Kinship groups in Maori culture trace themselves back to various prophets; Rastafarianism in Aotearoa functions in much the same way.  Proponents of claim movements in Ruatoria rally around the Ngati Dread movement, which advertises Rastafarian colors and advocates the growth and use of marijuana, all while grounding its genealogical ties to Te Kooti. In a self-defining moment, the Ngati Dread articulates its varied roots in the words of its creed, “The Rathaman was here right from the beginning, but for me the beginning was the word and the word was God. God is not blond-haired, blue-eyed, God is brown. We're Rasta - everything we do is for Rastafarai.” Such scripturalized claims continue to resonate in mainstream politics and governance. Nandor Tanczos and the Green Party promote indigenous issues alongside Rastafarian ideals. The fusion of prophetic protest movements with a reggae worldview has been immensely popular; inhabitants today regard Aotearoa as a Rastafarian country. Nevertheless, Aotearoan Rastafarianism consists of a particular Maori interpretation with its own historical and cultural nuances.

Rastafarianism remains palpable in modern day Aotearoa New Zealand. Dreadlocks serve as conspicuous popular expressivity in popular media and culture. Aotearoans celebrate Waitangi Day, a New Zealand national holiday that commemorates a treaty with Britain, on February 6, also Bob Marley’s birthday. Accordingly, today’s Waitangi celebrations signify the Rastafarian color on Maori expressions of the past and hope for the future. The prominence of Aotearoan Rastafarianism has incited scholarly appreciation of Rastafarianism as a fundamental reference point for academic discourse and research in and on New Zealand. In making lateral inferences across other areas of research, Rastafarian ideas resonate in contexts of marginalization, where weaving as a culturally devalued expression articulates its universally applicable philosophy. Thus, in Diamond’s eyes, weaving and the Maori appropriation of Rastafarianism serve as metaphors for the promise of respect between cultures and of mutual cooperation that reinforces and strengthens the colorful tapestry of society at large.

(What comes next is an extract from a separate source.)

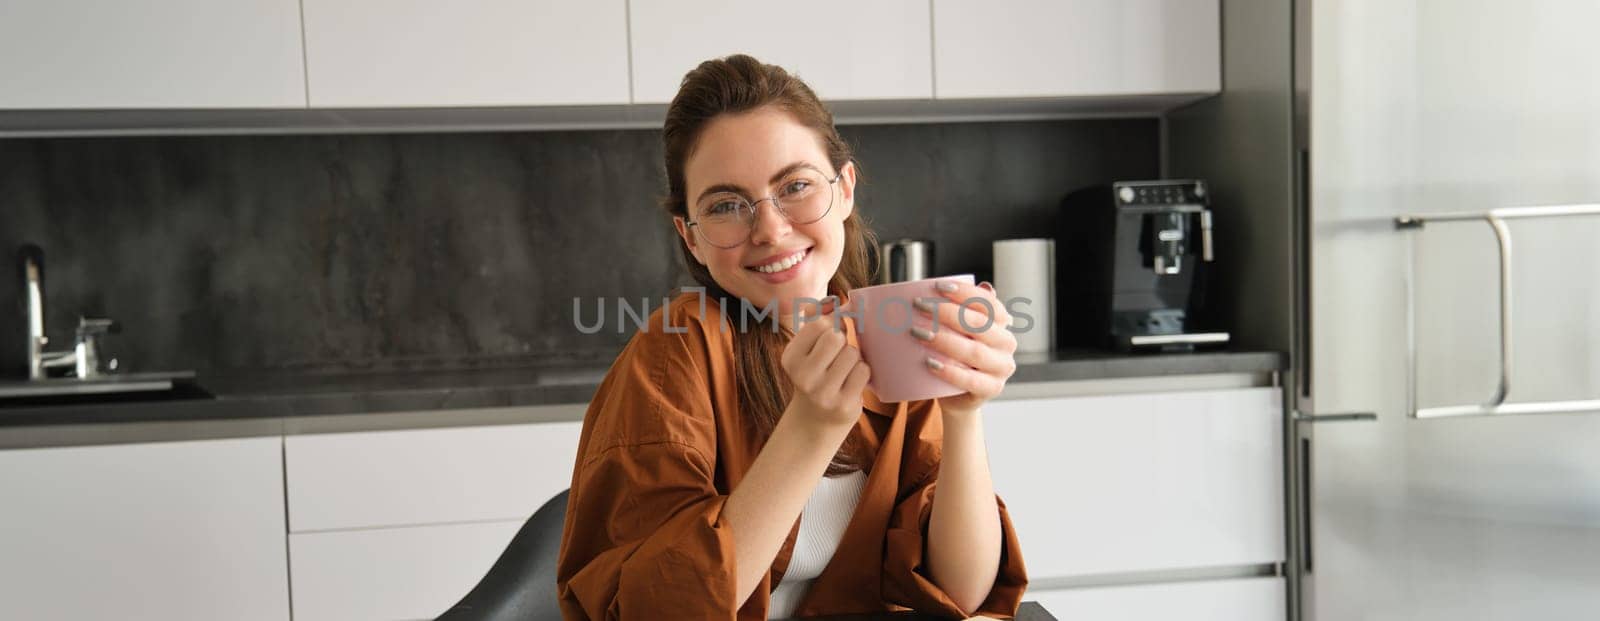 Carefree young woman in kitchen, sitting with cup of coffee and smiling at camera, drinking tea, enjoying her break time.

In sum, Diamond forces us to consider the dynamic and often surprising processes of cultural contact, resistance, and assimilation. Questioning how a society’s beliefs, ideas, values and systems transform yet remain inextricably linked to earlier expressions of the same, Diamond forces us to think through issues of hybridity and essentialism. The Aotearoan experience of cultural imperialism prompted the subversive fusion of Maori culture with scripturalizing counterculture of Rastafarianism. Not strictly limited to its expression in New Zealand, this kind of hybridity often goes hand in hand as hallmarks of one cultural phenomenon are blended and redefined by their incorporation into another cultural context. The result of such hybridizing practices is often a kind of scripturalizing whereby appropriated and newly created signs acquire meta-meanings that have the effect of fashioning community.         

Questions for further discussion:
Diamond’s work suggests that the embracing of one colonized culture’s scriptures by another marginalized community, even at great distance, articulates shared resistance to colonialism writ large. If the borrowing is one-directional, what sort of relationship between colonized communities should we say this scripturalizing creates?

Waitangi Day celebrates a foundational treaty with Britain that accords special rights to the Maori as well as establishing the nationhood of New Zealand. Might we see this kind of holiday as itself a kind of scripturalizing—the commemoration of a document upon which a people stakes its identity? (We might also think of July 4 as U.S.A.’s Independence Day as one of many correlates.).

By pointing out the layering of Waitangi Day as well as the broader melding of an already scripturalized Rastafarianism with Maori traditions, does Diamond’s work propose that what is already scripture-d tends to lend itself to further significations and scripturalization?